**Goal of the exercise**
Could you transcribe every record below exactly, leaving out the pictures?

Dataset records

[Start of section]

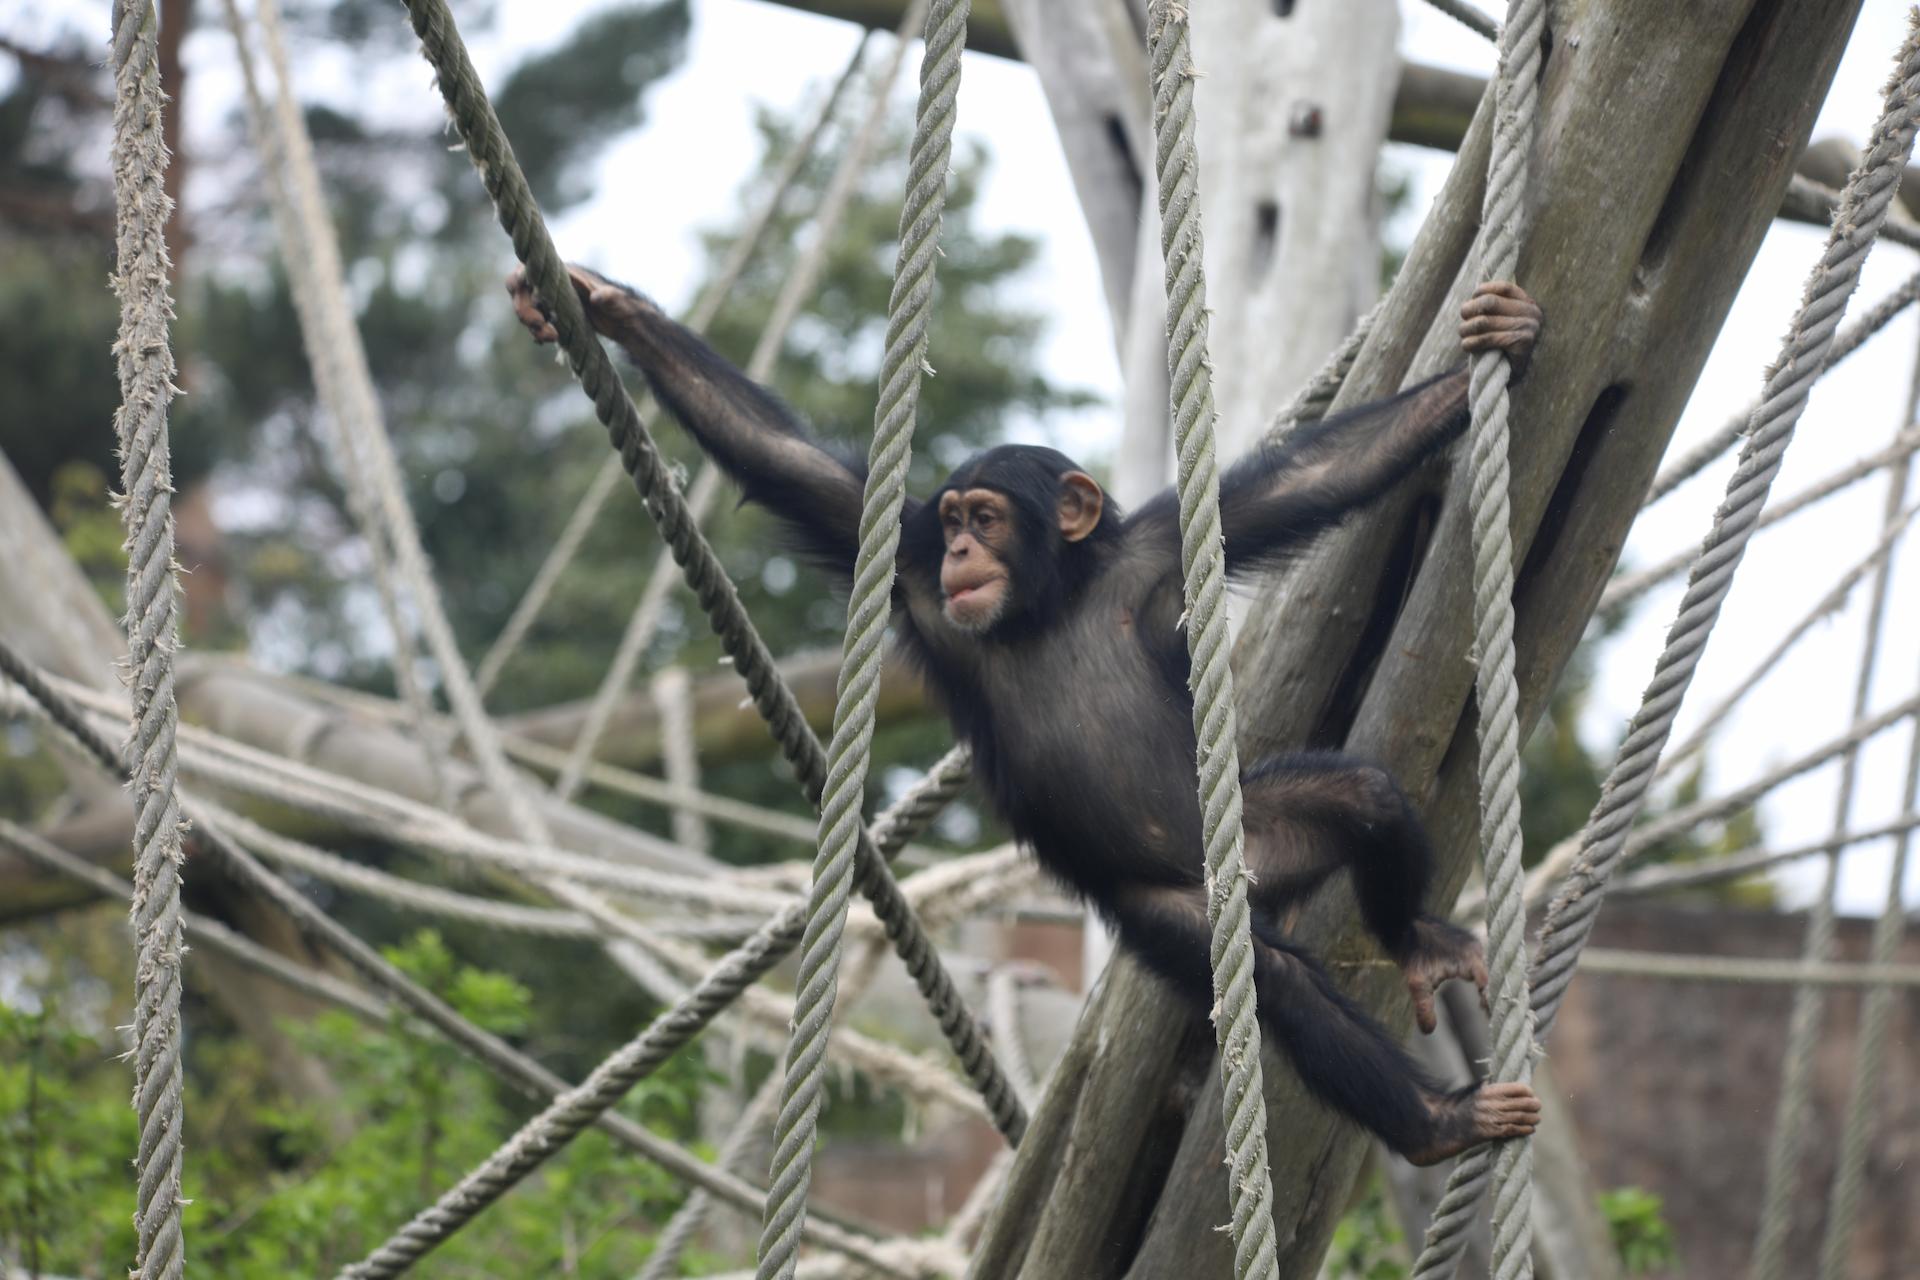 Chimpanzee Masindi swinging through ropes in outdoor Budongo enclosure

Image: AMY MIDDLETON 2023
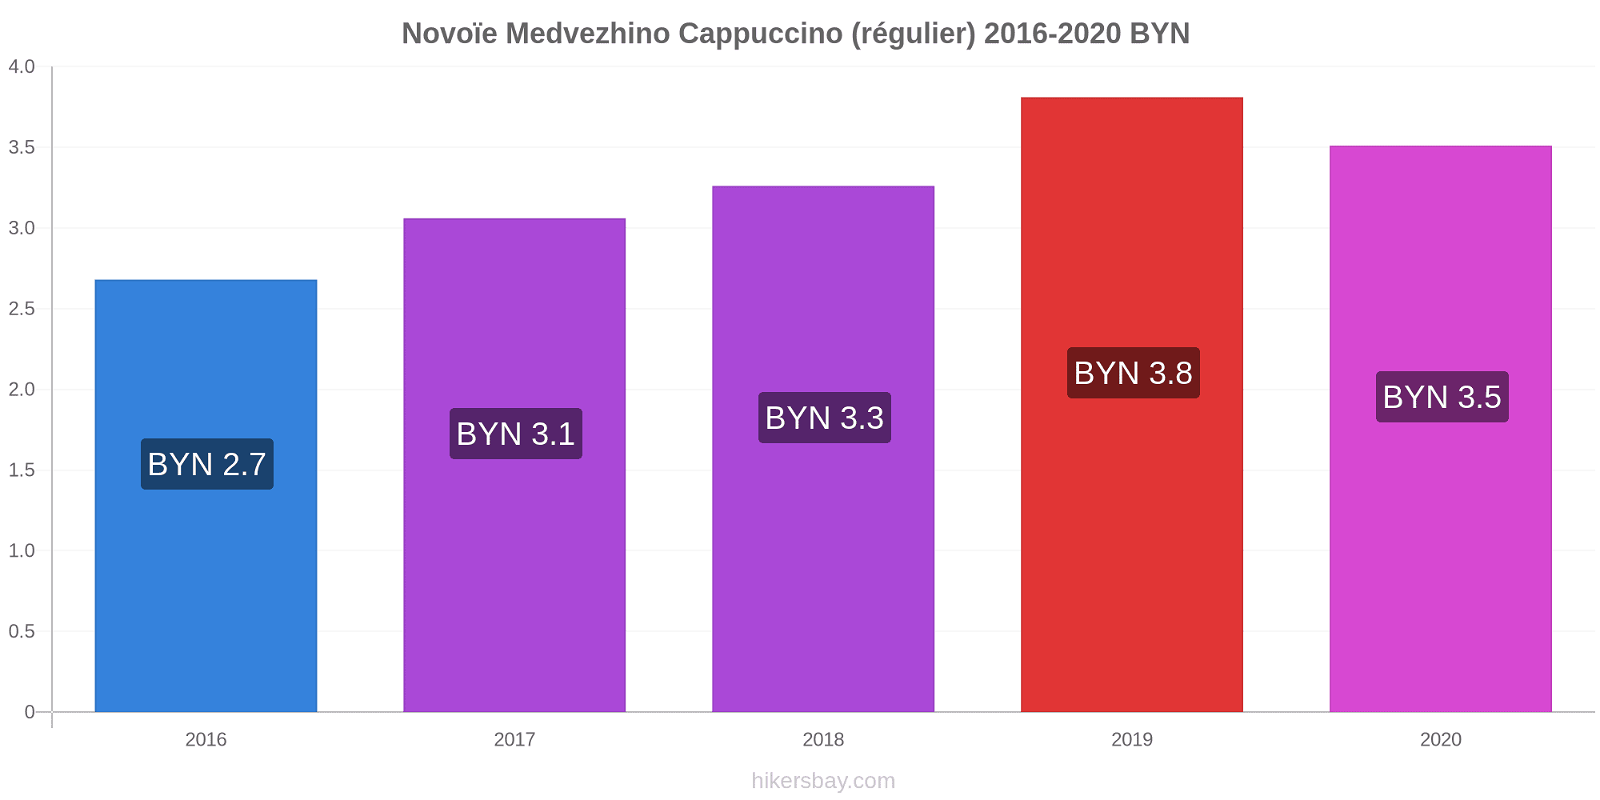 Novoïe Medvezhino changements de prix Cappuccino (régulier) hikersbay.com
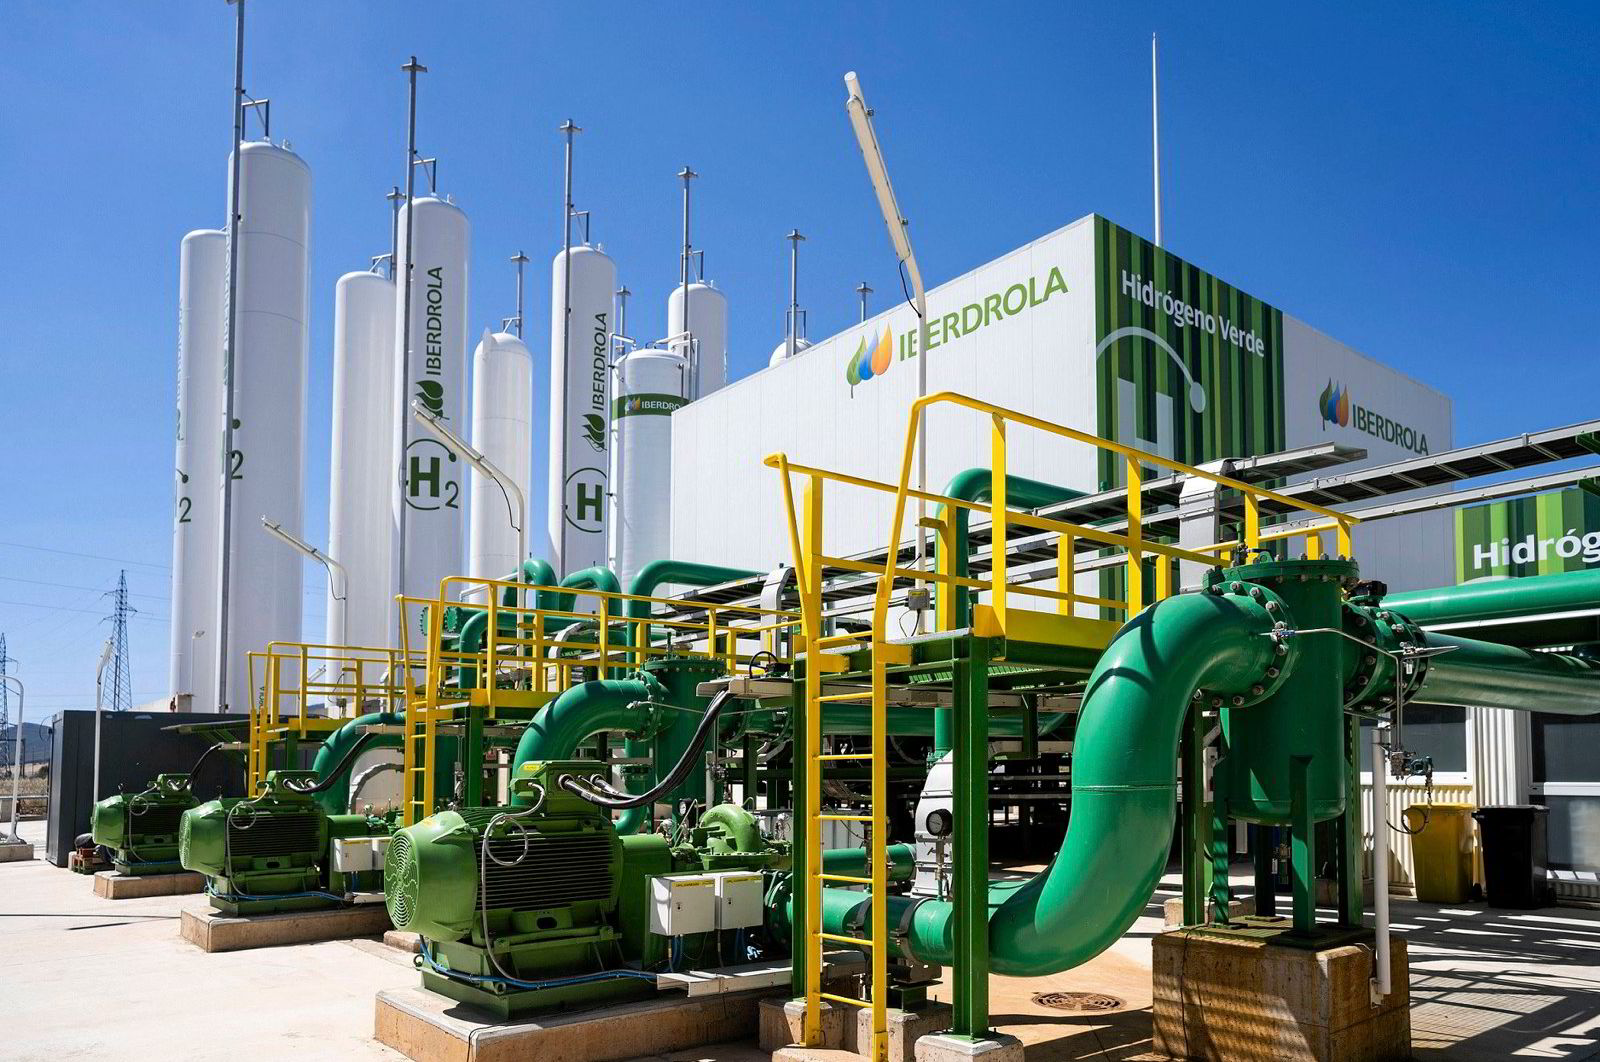 محطة هيدروجين أخضر تابعة لشركة إيبردرولا في إسبانيا
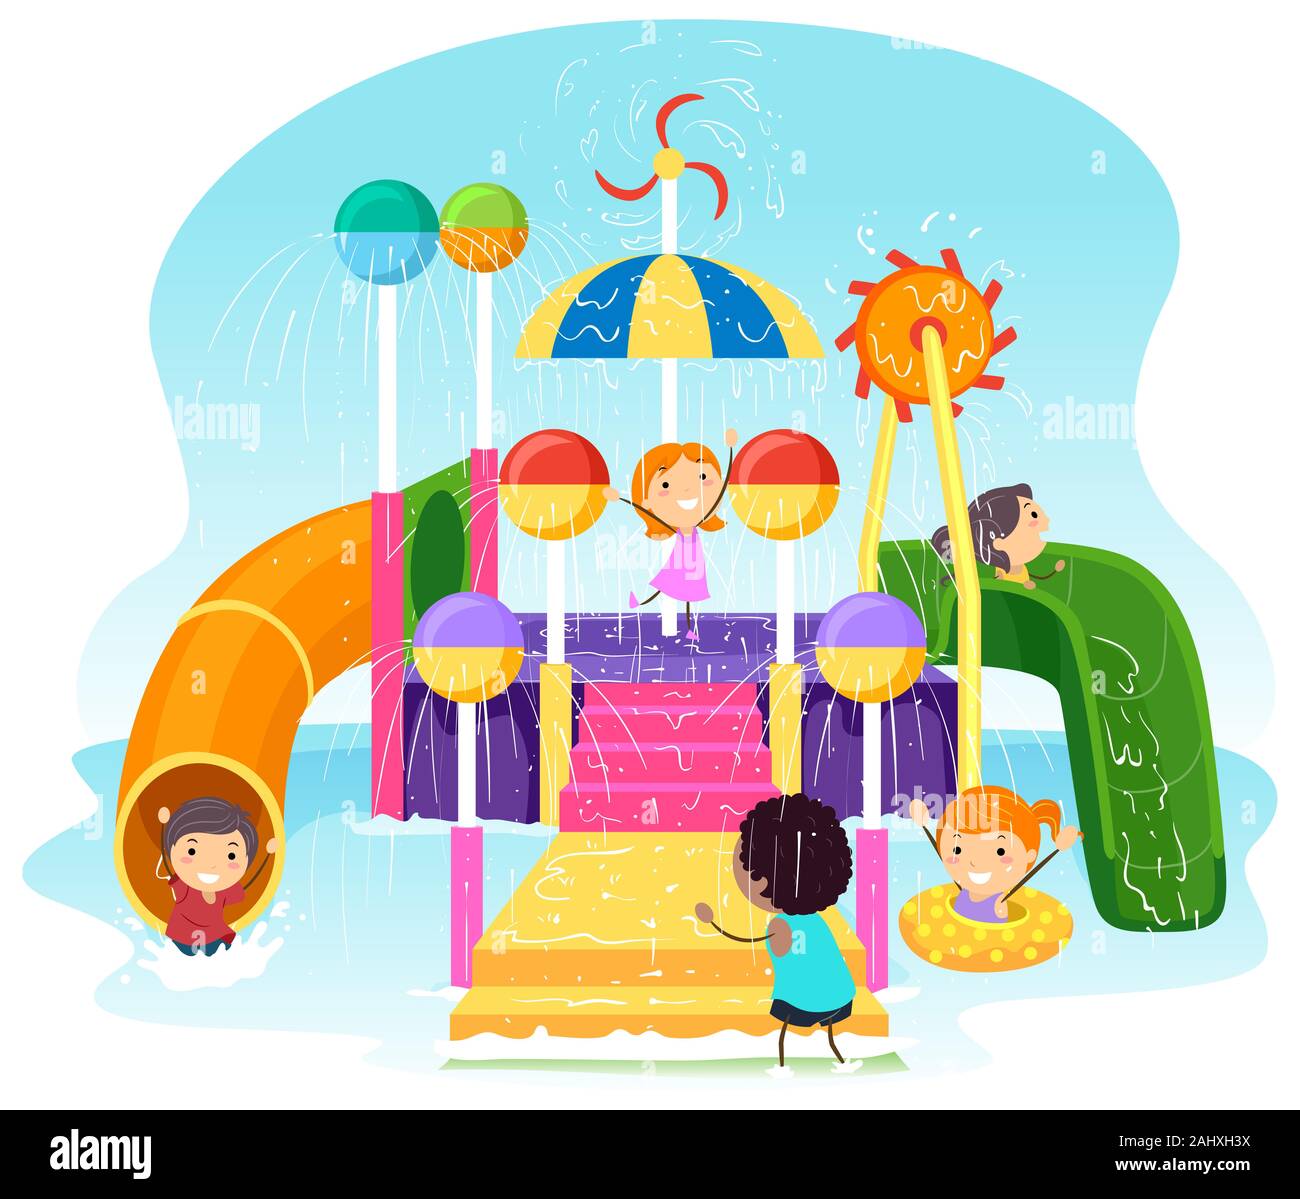 Ilustración de Stickman niños jugando en un parque acuático con toboganes y escaleras Fotografía de stock -

[End of section]

**Reply**
 Chimpanzee Masindi swinging through ropes in outdoor Budongo enclosure

Image: AMY MIDDLETON 2023
 Novoïe Medvezhino changements de prix Cappuccino (régulier) hikersbay.com
 محطة هيدروجين أخضر تابعة لشركة إيبردرولا في إسبانيا
 Ilustración de Stickman niños jugando en un parque acuático con toboganes y escaleras Fotografía de stock -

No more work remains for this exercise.